Que d’énergie gâchée, encore une fois. Comment peut-on se faire d’illusions sur le droit et penser qu’il suffirait de trouver des failles pour changer la réalité des faits ?

Tout le monde sait bien que le droit ne reflète jamais qu’un rapport de force : s’il y a une grande pression populaire ou bien un activisme très large exerçant une pression flagrante, alors là le droit se négocie, n’importe quelle grève le prouve.

Ce n’est pas une question d’avocat ou de faille juridique, c’est une question de rapport de force. Ainsi, l’idée de changer les mentalités par les institutions n’a aucun sens, puisque ces institutions ne sont pas neutres, mais dépendantes et tributaires de forces sociales.

Prenons par exemple l’arrêté préfectoral : c’est le préfet qui décide, comme bon lui semble. Il n’est pas élu. Ce qu’il décide, il le décide selon des critères d’efficacité et d’ordre public. Pareillement, le sénat est élu mais d’une telle manière qu’il est uniquement composé de notables, puisque les sénateurs sont élus par les élus.

N’importe qui observant cela se doute bien que là il n’y a que des situations de blocage de tout qui pourrait provoquer des « soucis » aux institutions… Enfin, pour ce qui concerne le procès de la Roche-sur-Yon, il est évident que ce n’est pas un tribunal local qui va se lancer dans une grande opération de rébellion contre l’ordre public et ses « traditions »…

Il n’y a franchement rien de démocratique à espérer passer par les institutions, et finalement on comprend pourquoi les réformistes usent et abusent d’images glauques et d’approches « spectaculaires » (comme le marquage au fer rouge de « 269 »).

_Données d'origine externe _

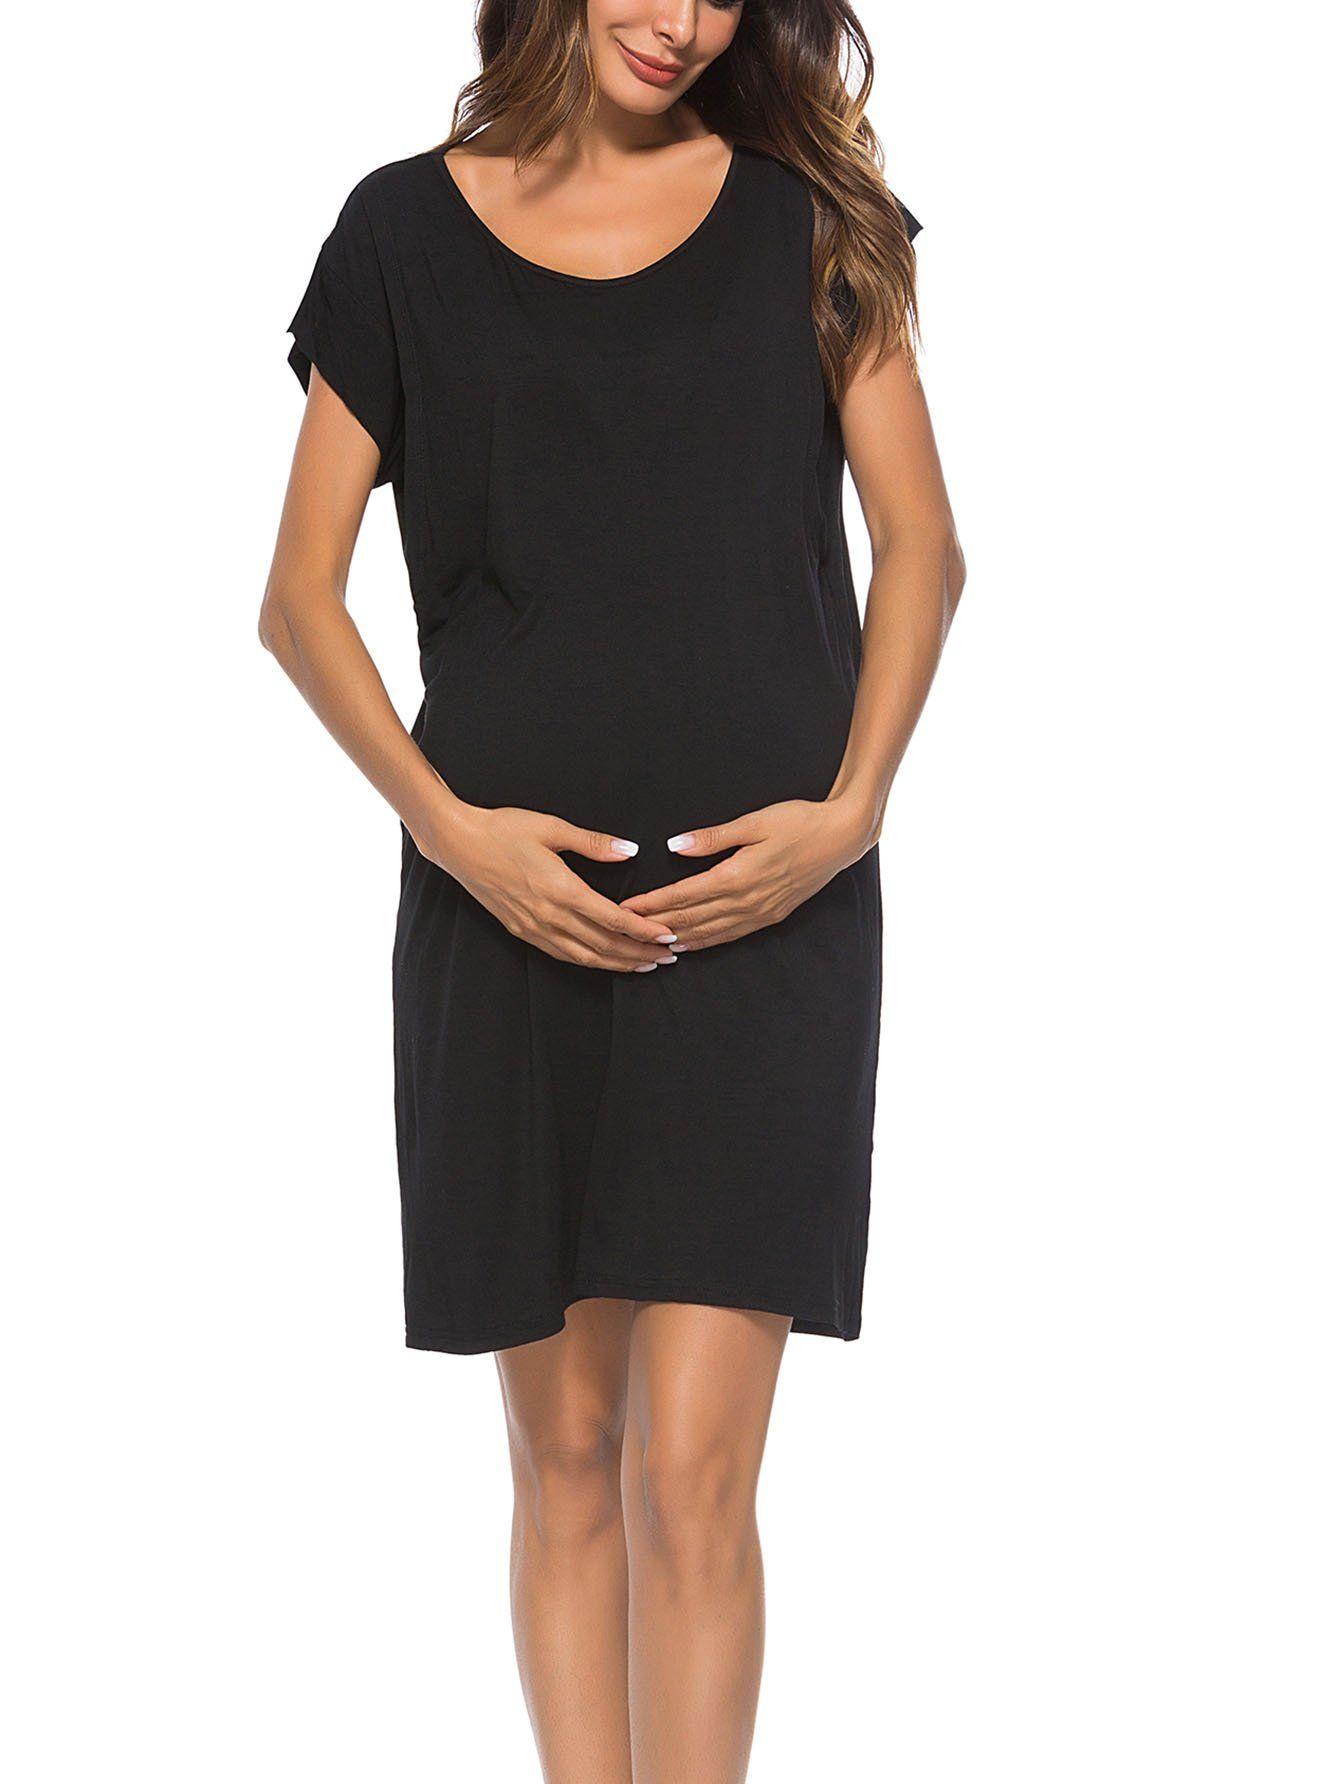 88d38e3fccc Maternity Dresses - WOAIVOOU Womens Summer Short Sleeve Loose Nursing Dress  Layered Breastfeeding Dress Midi Black S * Click photo to assess even more  ...

Il ne s’agit pas de convaincre un maximum de gens pour que leur point de vue change et qu’ils se confrontent à l’exploitation animale à tous les animaux. Il s’agit, dans une mentalité très religieuse, d’exiger que le système s’auto-réforme, par en haut, en passant par-dessus la tête des gens.

L’approche des réformistes c’est de dire : changeons le menu de la cantine ici, faisons une loi sur le bien-être animal là-bas, vendons ici des produits « simili-carnés », utilisons là-bas des personnalités notamment du show-biz.

C’est la recherche perpétuelle d’un « truc » pour prétendre faire avancer les choses, sans jamais reconnaître la vérité en face, une vérité très simple : à l’échelle planétaire, l’exploitation animale est en croissance exponentielle.